Joe looked down at the fast-moving channel of water and wondered what could go wrong next.

“There’s a river up here. Fast. Looks deep. And it’s in our way.”

He turned and looked past Annie to his brother-in-law.

“Unless you’ve got a bridge stuffed into that backpack, we’re in trouble.”

It took a moment before Rizzo comprehended what he
wasn’t
seeing. The shaft came to an opening in the wall, but where he expected to see the shaft continuing off into the distance, there was nothing. The light crossed through the portal and was swallowed up by the dark beyond.

The shaft came to an end.

But where—

Rizzo edged forward slowly, aware of the surface under his hands and the darkness beyond the tunnel. He didn’t want to trade the one for the other. Strange, how he had been so frantic to escape this tunnel and now it afforded him a sense of security and protection against the dark void before him.

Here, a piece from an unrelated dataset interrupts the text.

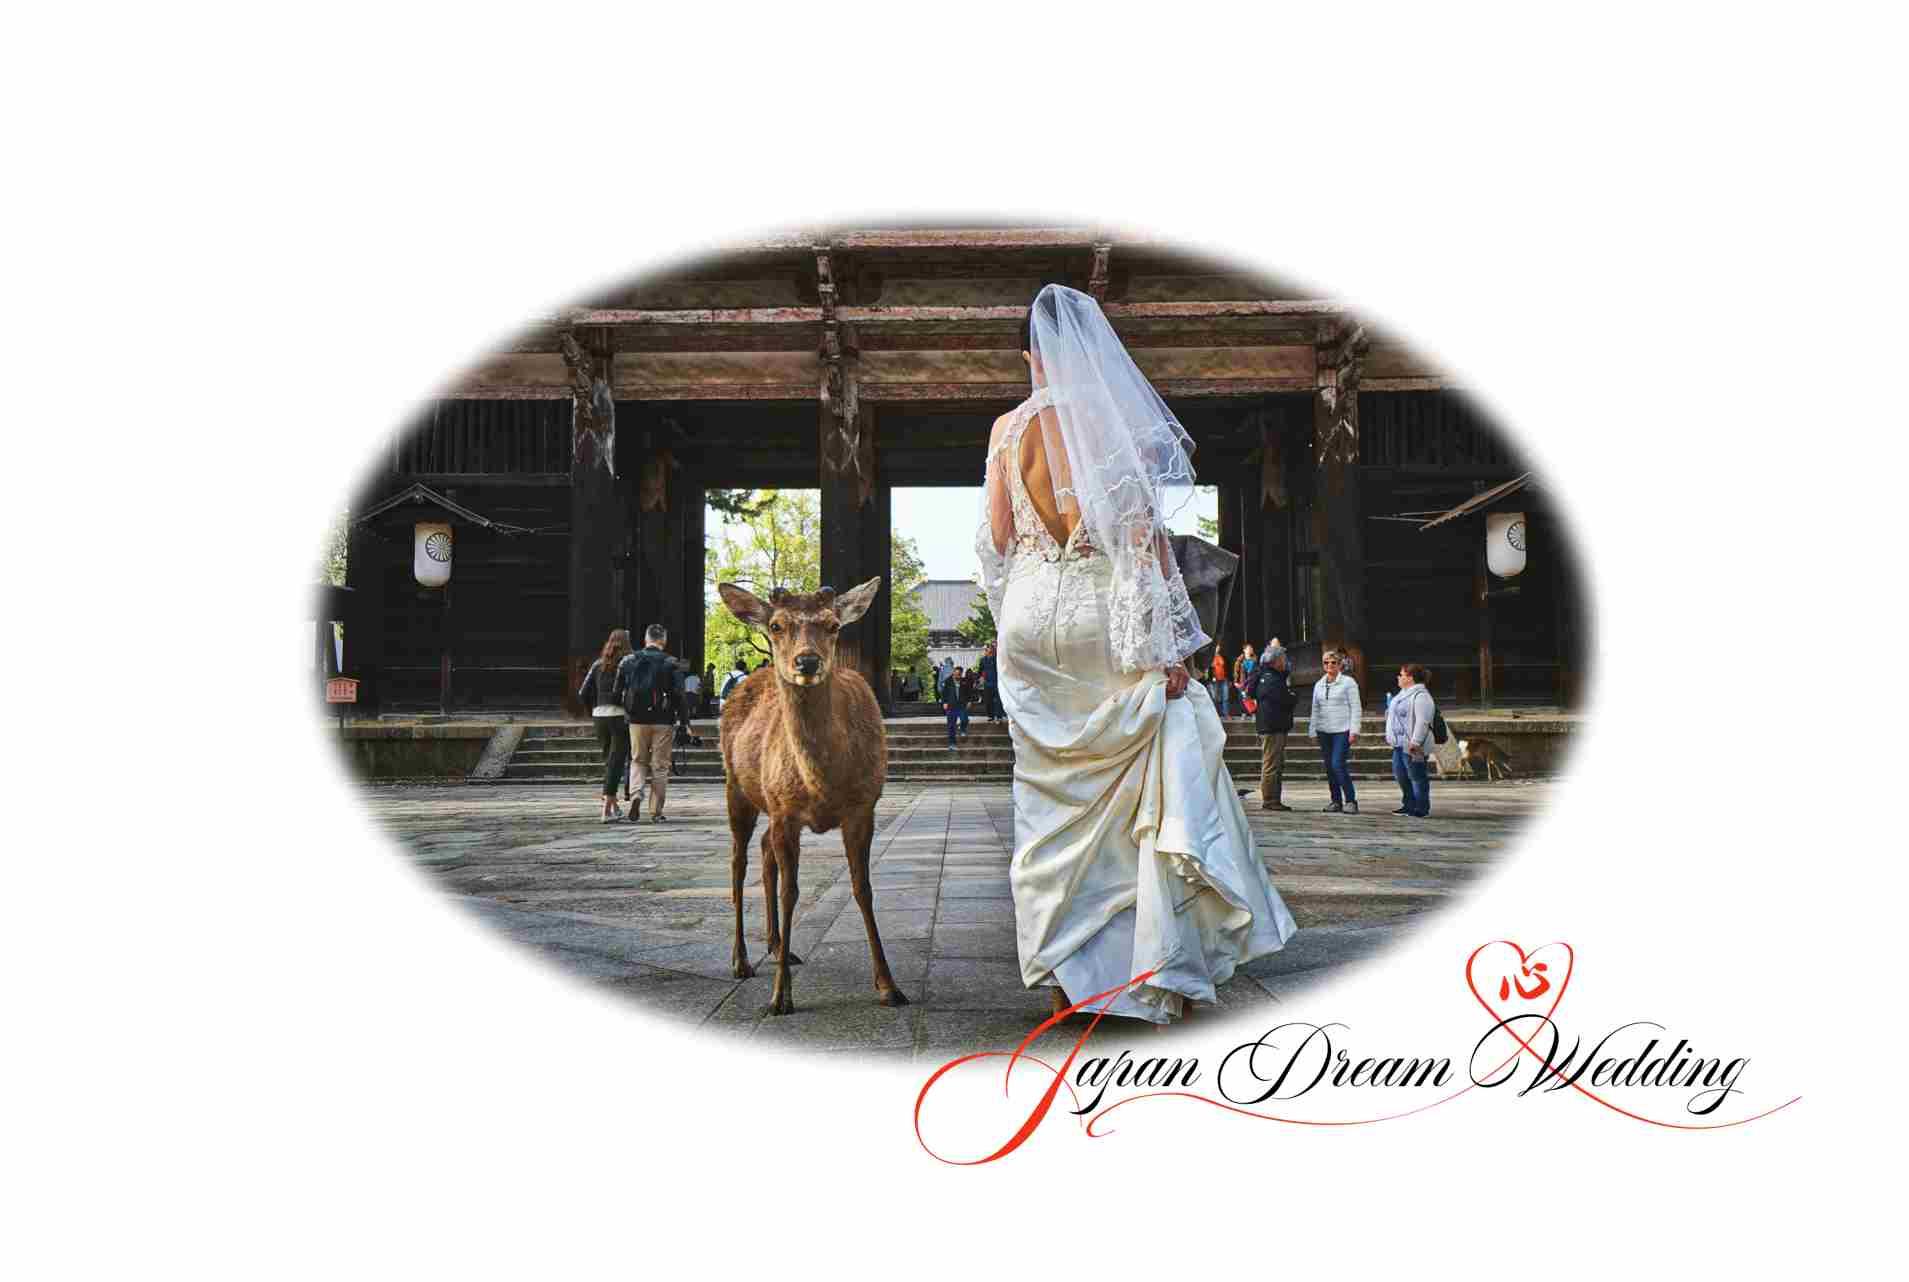 Japan Dream Wedding - Wedding Party Travel

A steady breeze now moving his thick, dark hair, Rizzo came to the edge of the opening. He was afraid to look over the edge and find a precipitous drop, dooming him to entombment in this tunnel but, as he extended the lantern through the opening, he saw something he didn’t expect.

There wasn’t much of a drop on the other side of the opening—six to ten feet and the space opened up into an irregular chamber about twenty feet high and just as wide. Its surfaces were smooth grooves carved out by fast-moving channels of water from long ago. And on the far side of the chamber were two tunnels. Two.

Rizzo calculated the distances in his mind. Probably six feet to the floor of the chamber from the lip of the opening. Not wise to try to jump with the lantern in his hands. And he wasn’t going to leave the lantern here. He took off his belt, lay on his stomach, and dangled the belt over the edge. Too short. Looping the belt back into his pants, Rizzo looked at his boots.